On the day of the weigh-ins, news broke out that Barao had been pulled out of the bout for an accident while making weight and newcomer Joe Soto had taken his spot instead. Barao apparently fainted and hit his head in the bathtub and had to be taken to a hospital. Fortunately, Dillashaw was willing to fight the last-minute replacement and salvage a card that barely drew over 125,000 PPV buys and a total gate of $700,000 unlike a certain champion down the list.


Aldo’s controversial broken rib (UFC 186, 2015)

In this same year, the last-minute injury bug struck involving another Irishman, though he was on the opposite end of the bad news. The UFC’s most hyped title fight involving UFC featherweight champion and pound-for-pound king Jose Aldo and the fastest-rising MMA superstar Conor McGregor had to be postponed as the champion was struck during practice and fractured a rib. The news of Aldo’s injury broke out just over two weeks before the fight and there was question of whether he would pull out or compete. Even with x-rays depicting his injury, there were mixed opinions on whether Aldo was really able to physically compete and if he would go through with the fight.

In the end, Aldo would be forced to pull out and former two-time title challenger Chad Mendes would step up on short notice. While McGregor stayed on the card and the event was still a rousing success — 850,000 PPV buys and 7.2 million gate — months of promotion, marketing and drama between Aldo and McGregor fizzled out in anticlimactic fashion and one could only speculate how much the event would’ve really done had Aldo not been injured.


Jones infamously refuses title fight after Henderson’s injury (UFC 151, 2012)

Jon Jones - Matthew Sherwood AP

Jon Jones – Matthew Sherwood AP

Sept. 1, 2012. The date of the first ever cancelled UFC PPV in the company’s 20-year history with Zuffa. UFC light heavyweight champion Jon Jones was set to defend his belt against former two-division Pride champion Dan Henderson. Jones was MMA’s biggest rising star at this point and “Hendo” was a living legend and their fight alone was expected to carry an otherwise lackluster PPV.

One week prior to the fight, Dana White broke news that Hendo had injured his MCL and had pulled out of the fight. Desperately, White offered Jones a replacement contender in Chael Sonnen, but the champion and his camp turned it down.

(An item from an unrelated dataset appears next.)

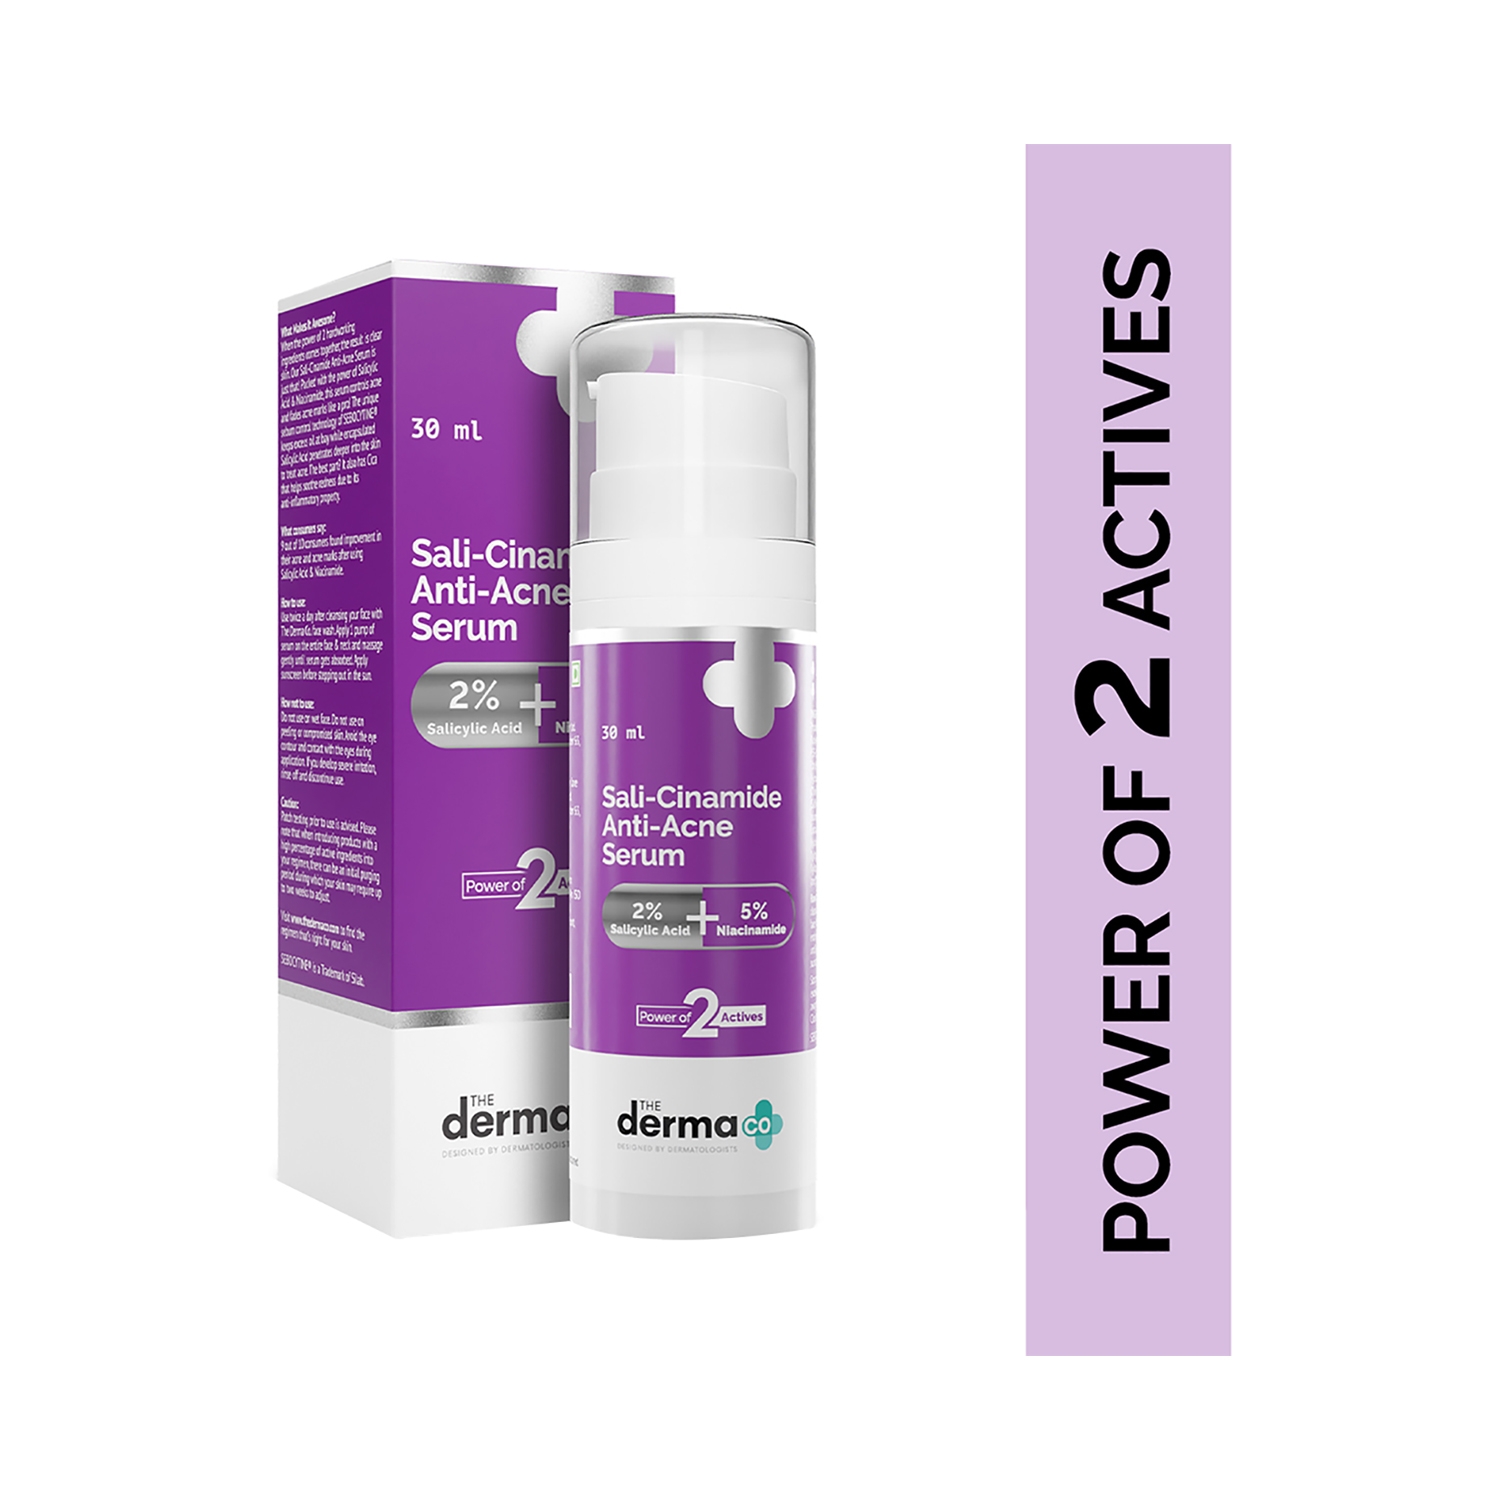 The Derma Co | The Derma Co. Sali-Cinamide Anti-Acne Face Serum With 2% Salicylic Acid & 5% Niacinamide (30ml)

The event had to be cancelled and a frustrated White blamed Jones’ longtime coach Greg Jackson for advising the champion not to take the fight.

There was widespread criticism spread throughout with many fans and fighters criticizing Jones and Jackson for refusing to take the fight and saving the card while many blamed Dana and the UFC for creating such a shallow PPV that it was unable to handle the loss of any major fights. “Hendo” was also criticized for not speaking up on his injury when news surfaced he had been hurt three weeks prior to the announcement.

To this day, UFC 151 would serve as one of only two UFC events (UFC 176 being the other) to have been cancelled and a grim eye-opener on the frailty and unpredictability of MMA matchmaking.